/---
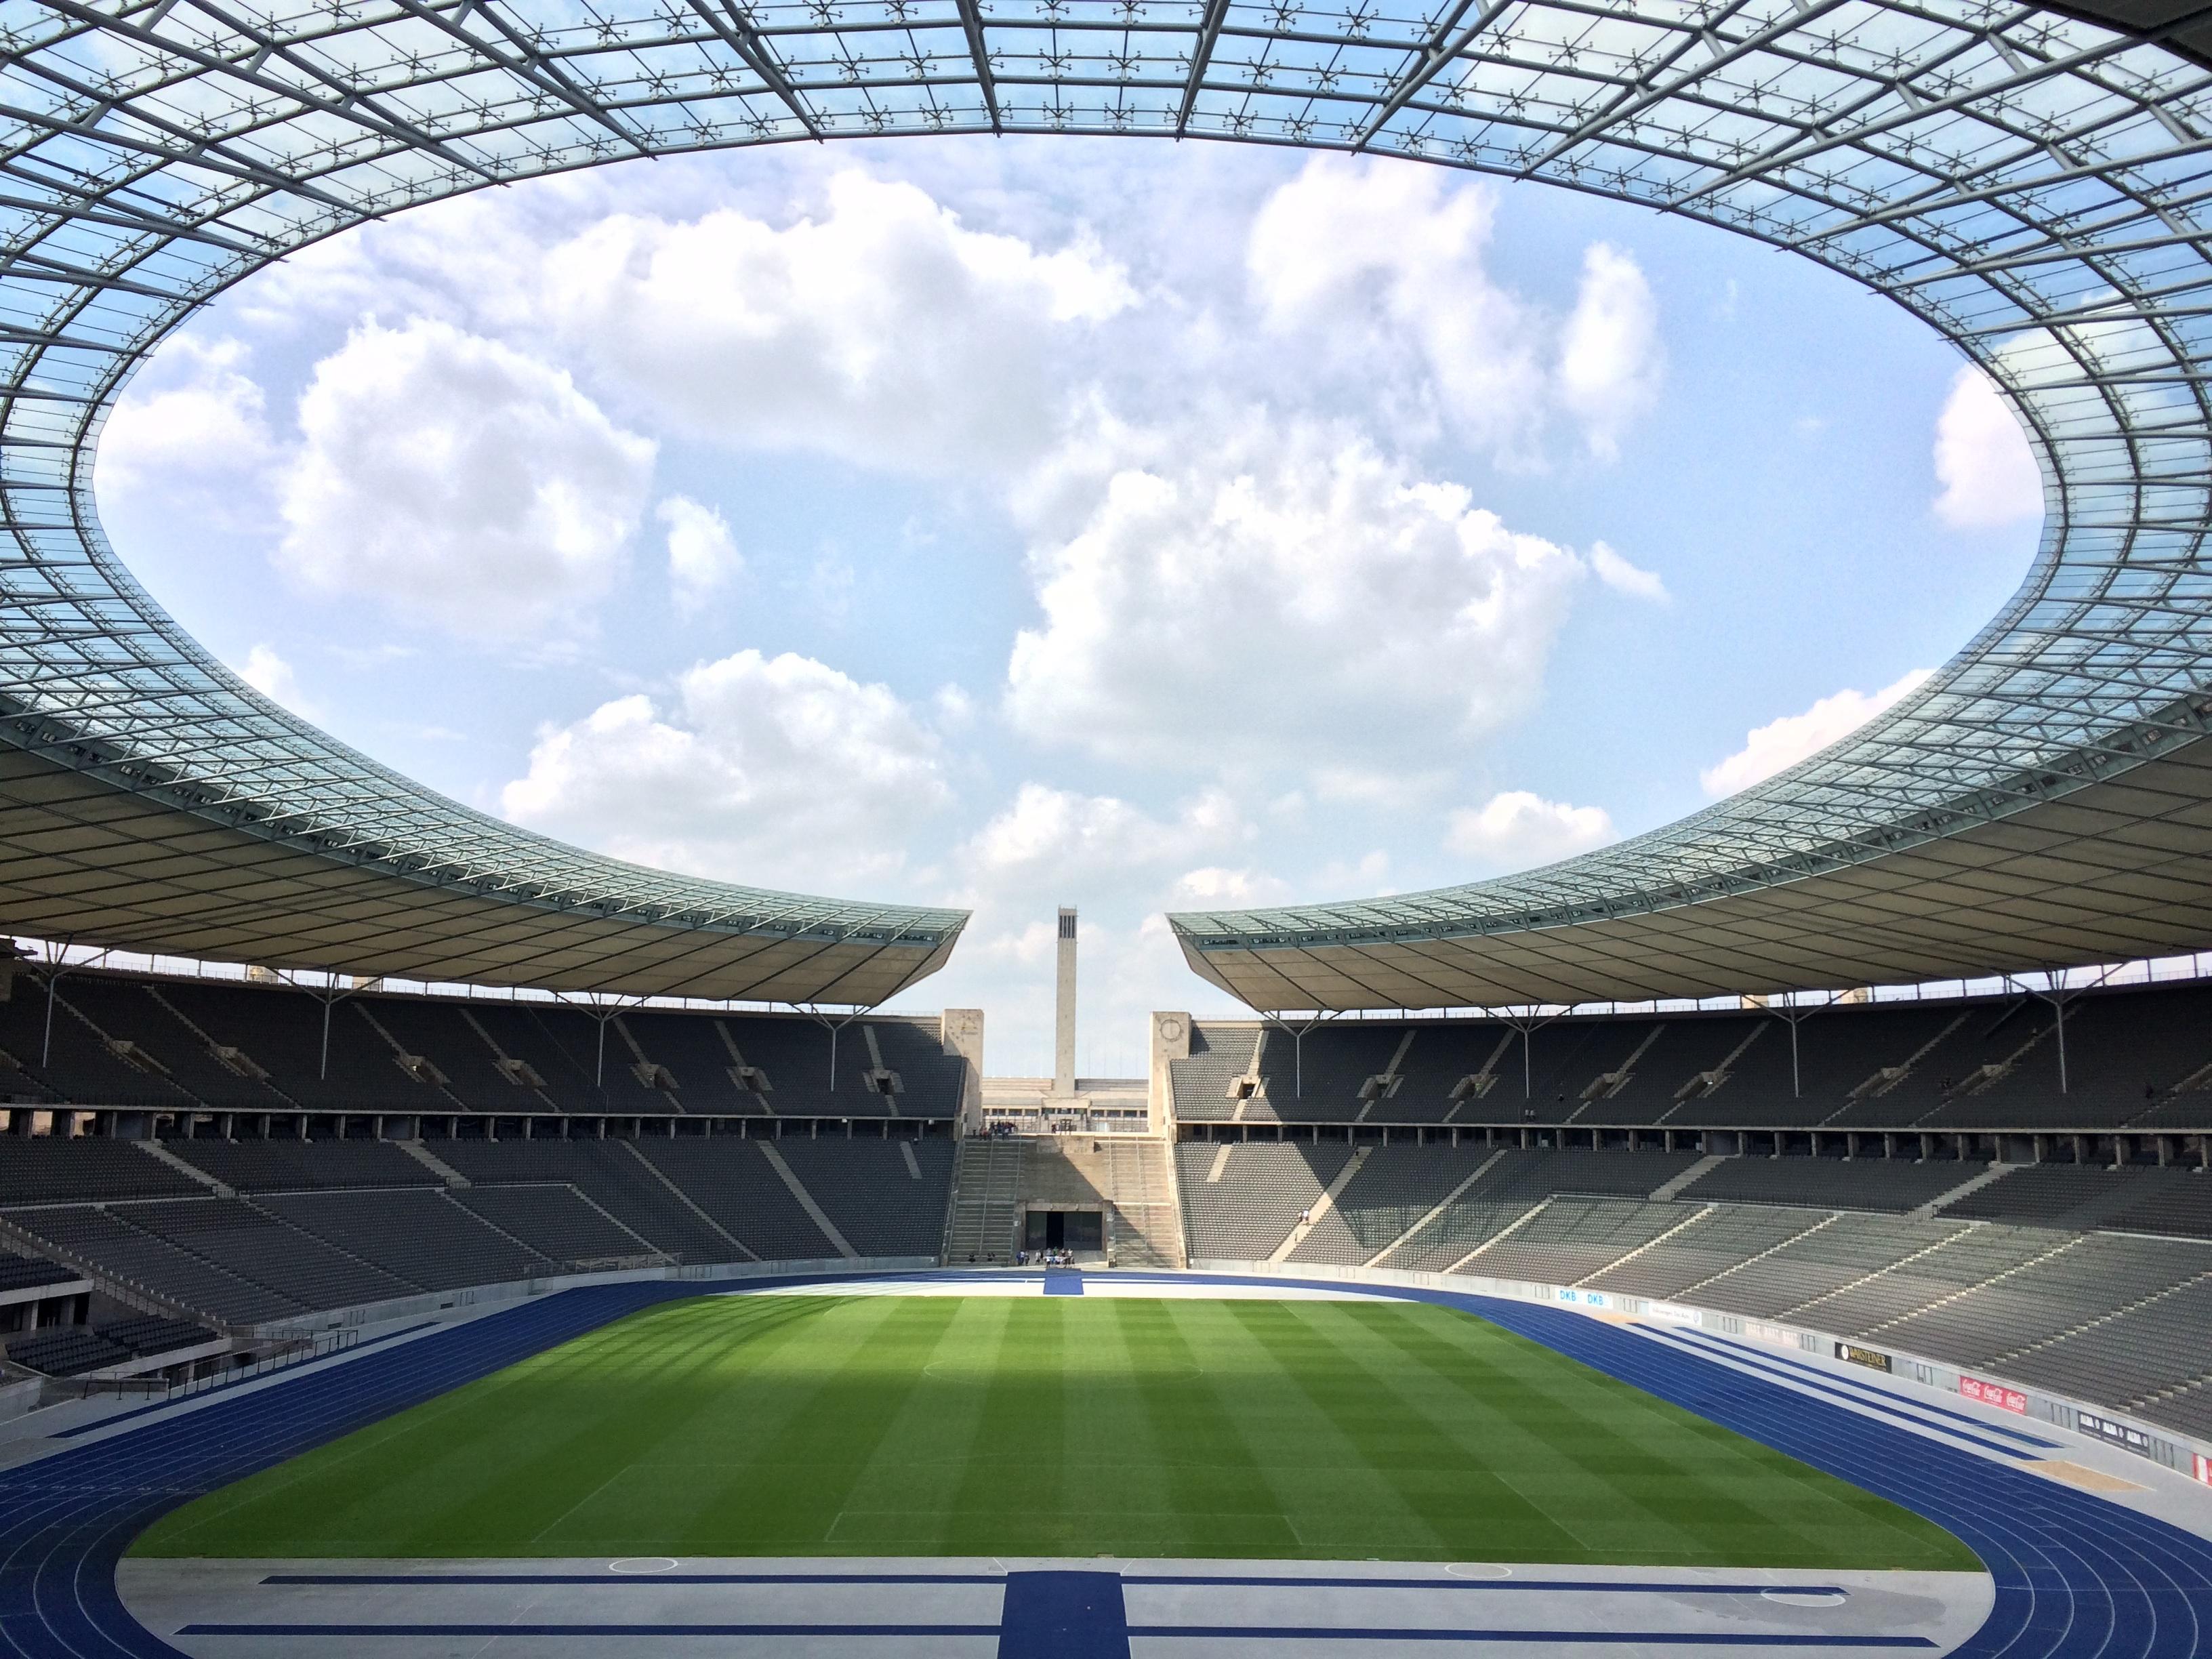 Картинки со стадионами
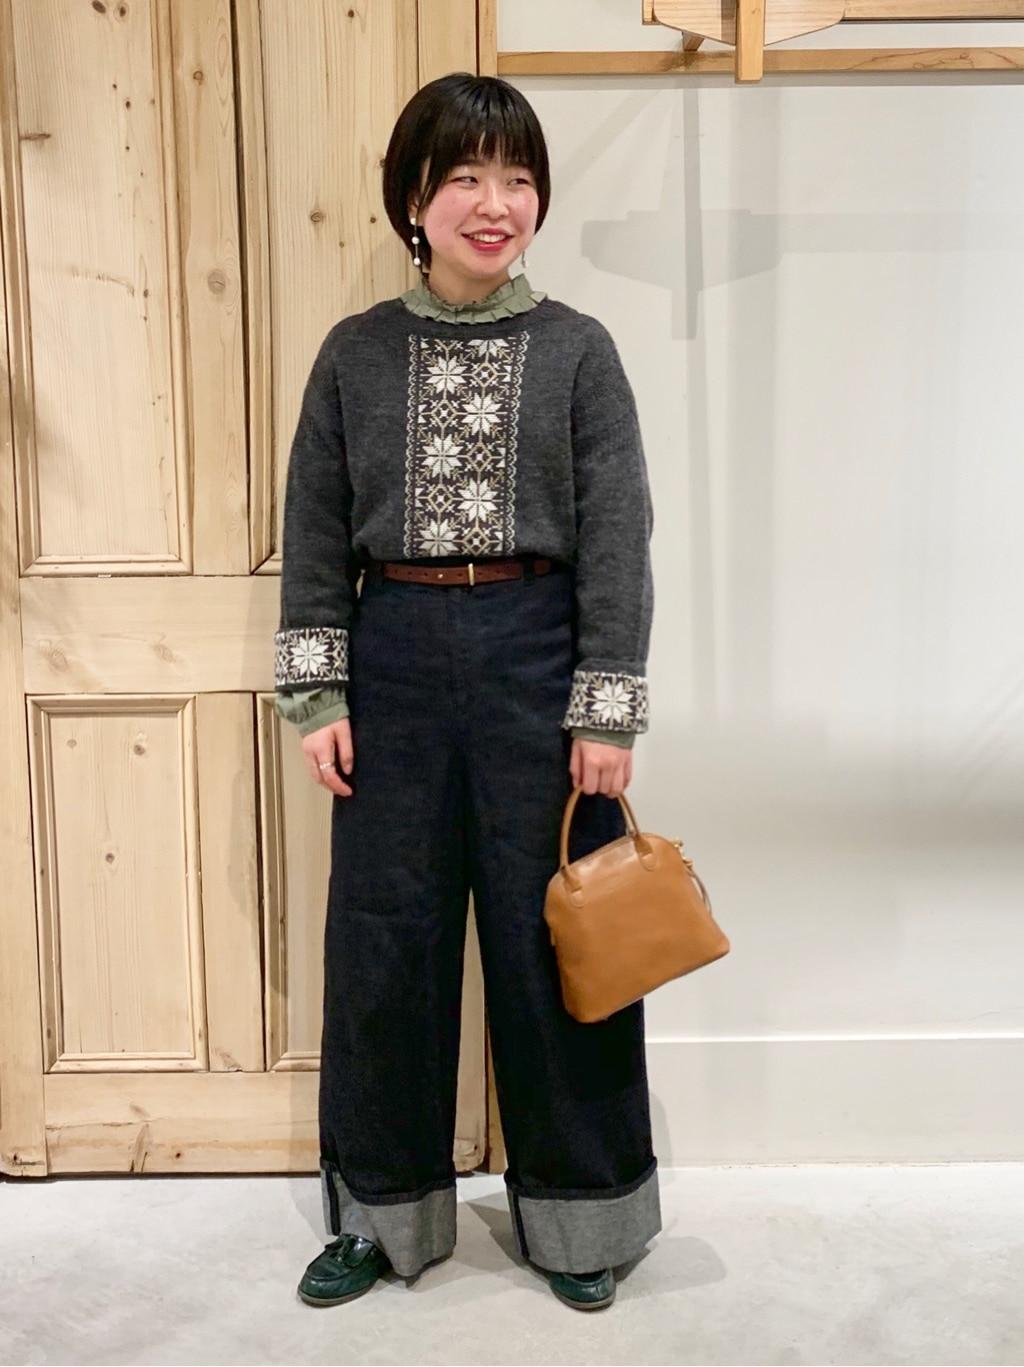 Malle chambre de charme 調布パルコ 身長:153cm 2020.11.11
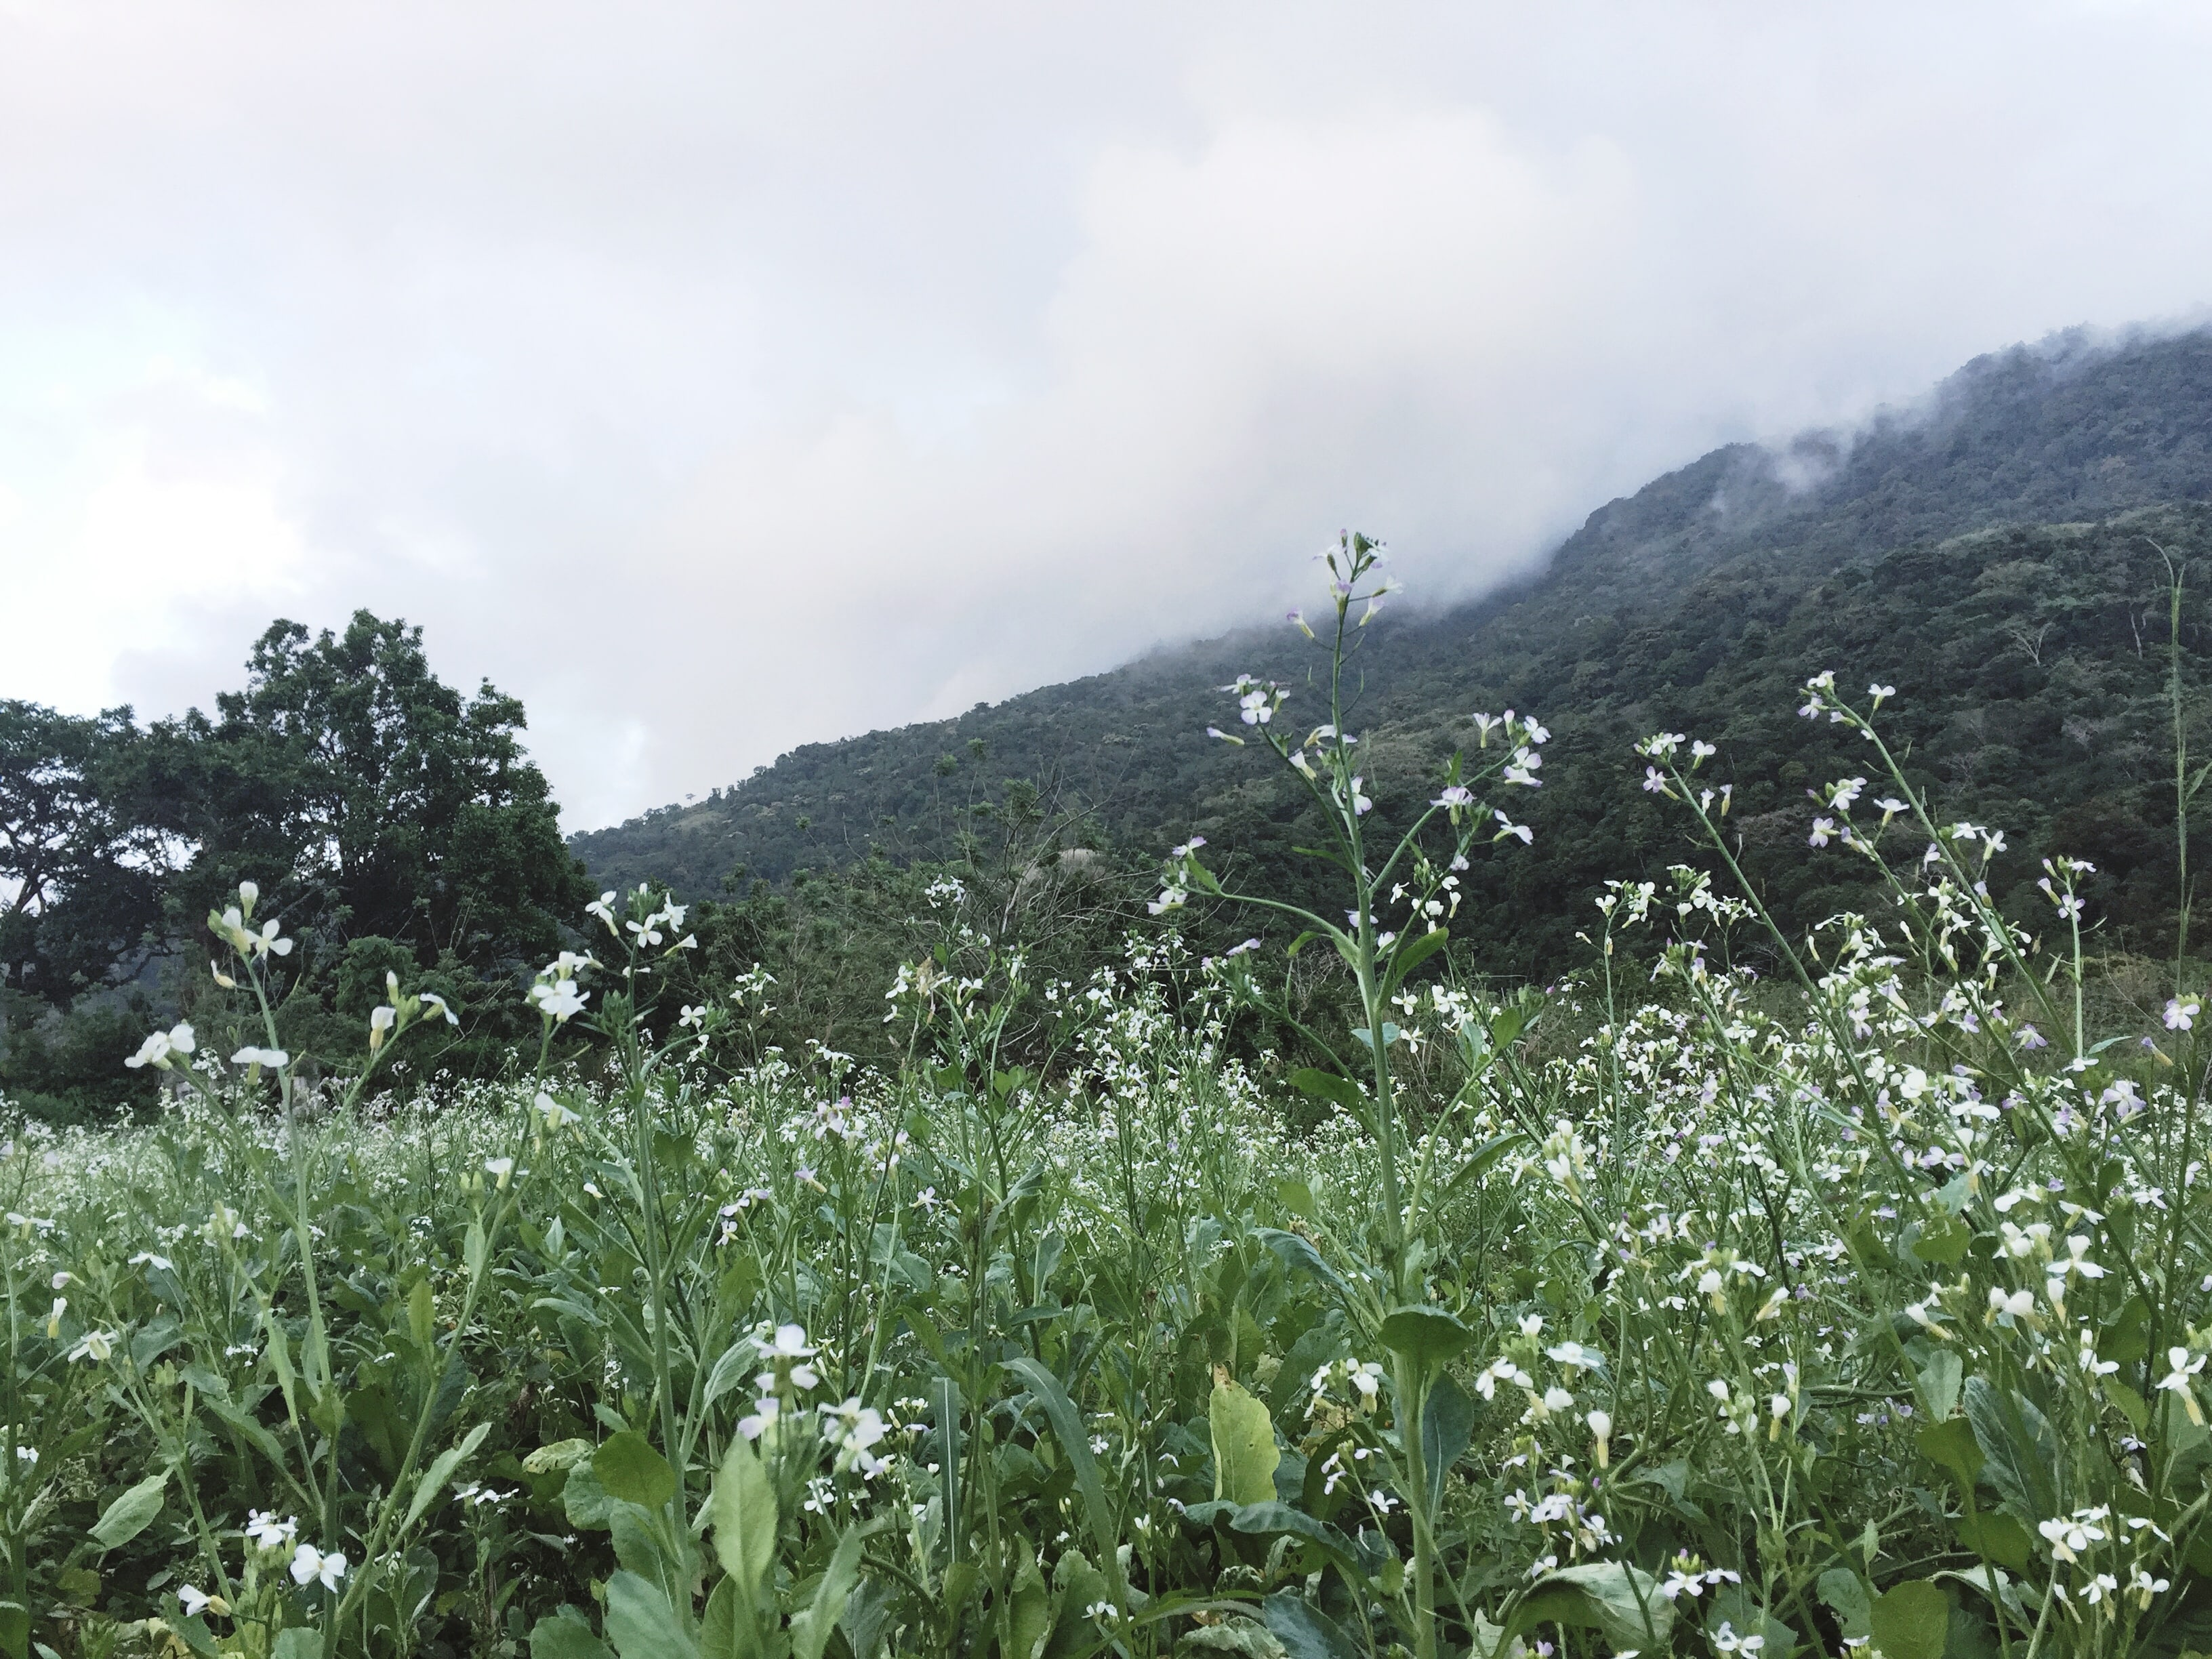 radish-flowers-bangkong-kahoy
\---
YOUR INSTRUCTIONS
Transcribe the full listing above exactly as it stands, minus the pictures.

FINAL ANSWER
 Картинки со стадионами
 Malle chambre de charme 調布パルコ 身長:153cm 2020.11.11
 radish-flowers-bangkong-kahoy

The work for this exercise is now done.